- Murputja
- Coordinates: 26°09′35″S 130°11′02″E﻿ / ﻿26.1596551°S 130.1838470°E
- Population: 53 (2016 census)
- Postcode(s): 0872
- Time zone: ACST (UTC+9:30)
- LGA(s): Anangu Pitjantjatjara Yankunytjatjara
- Region: Far North
- State electorate(s): Giles
- Federal division(s): Grey
- Footnotes: coordinates

= Murputja, South Australia =

Murputja is an Aboriginal community in the Anangu Pitjantjatjara Yankunytjatjara in South Australia.
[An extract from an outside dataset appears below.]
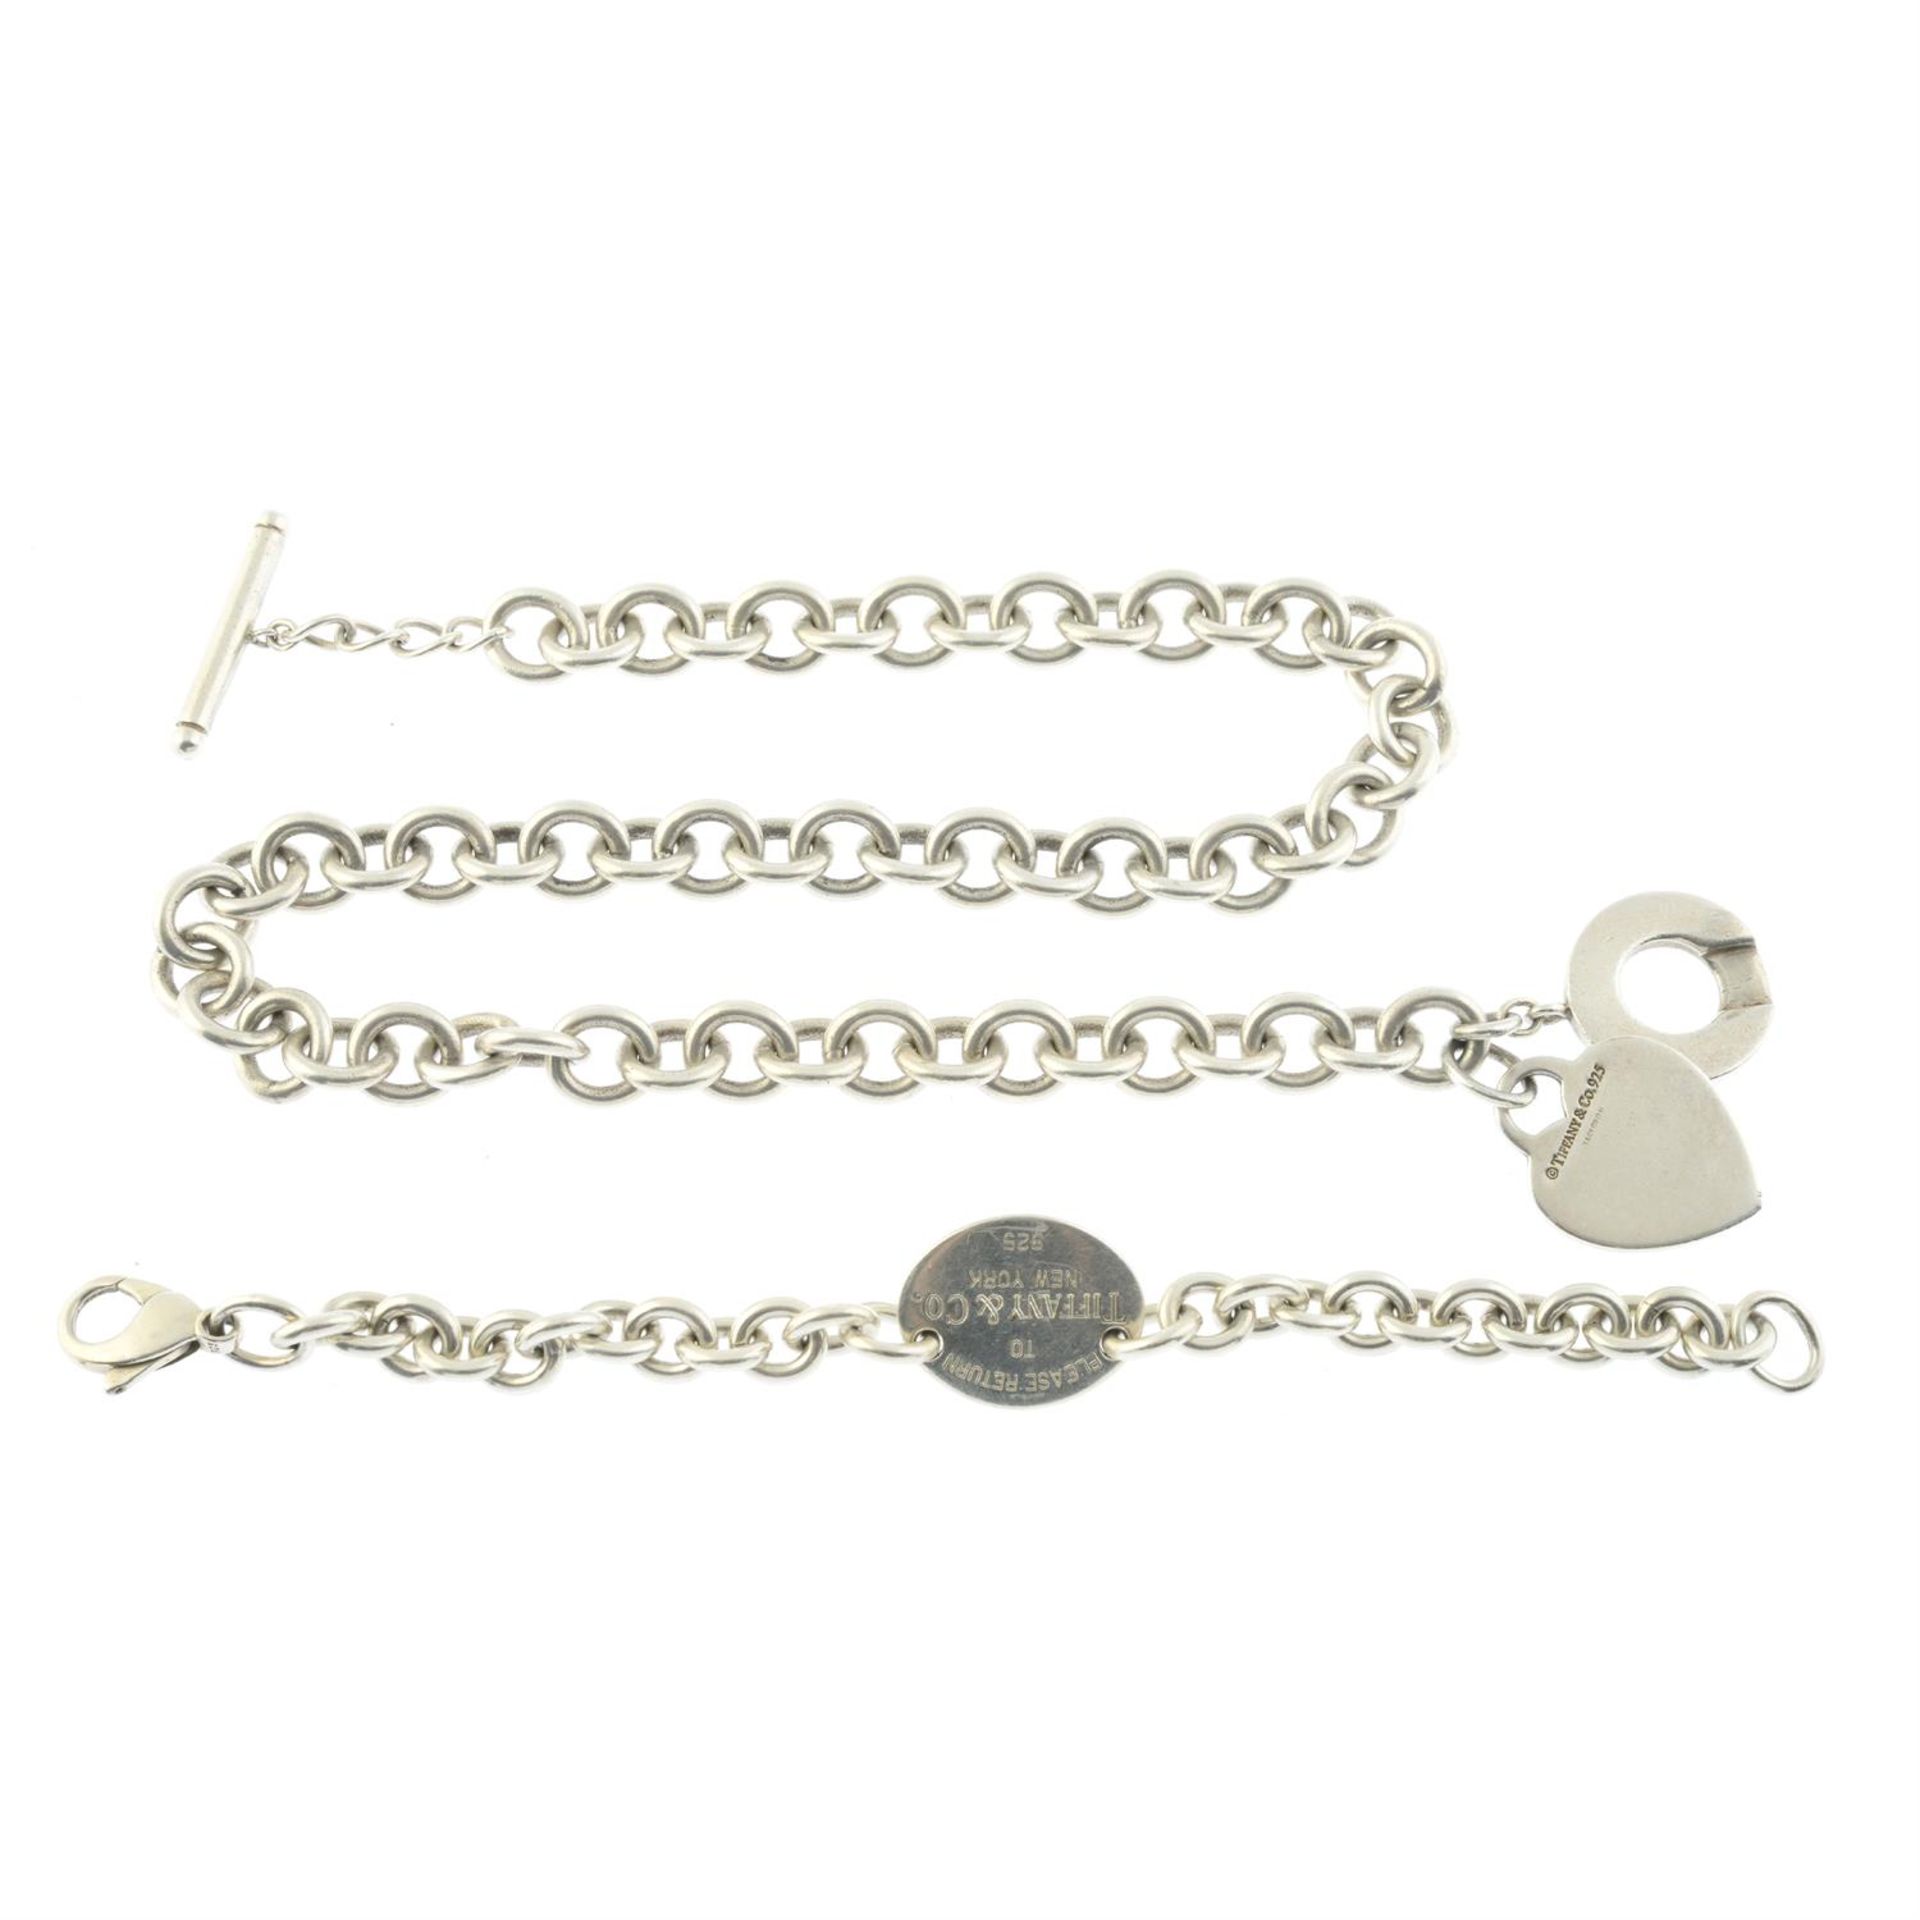 A silver bracelet & necklace, by Tiffany & Co.

In 2007, four South Australia Police officers were based at Murputja and running patrols in the area. There was a rudimentary shed structure that served as a police station when police were present and some new housing had been built for police officers. As of 2018, the APY Lands were served by stations situated at Amata, Ernabella, Mimili, Murputja, Umuwa and the town of Marla. Specialist policing support is located at Umuwa, including CIB and domestic violence investigators.

== Time zone ==
Due to its links with the Northern Territory and proximity to the border, the APY Lands do not observe daylight savings unlike the rest of South Australia. The time zone observed throughout the year is Australian Central Standard Time (UTC+9:30), in line with Darwin rather than Adelaide.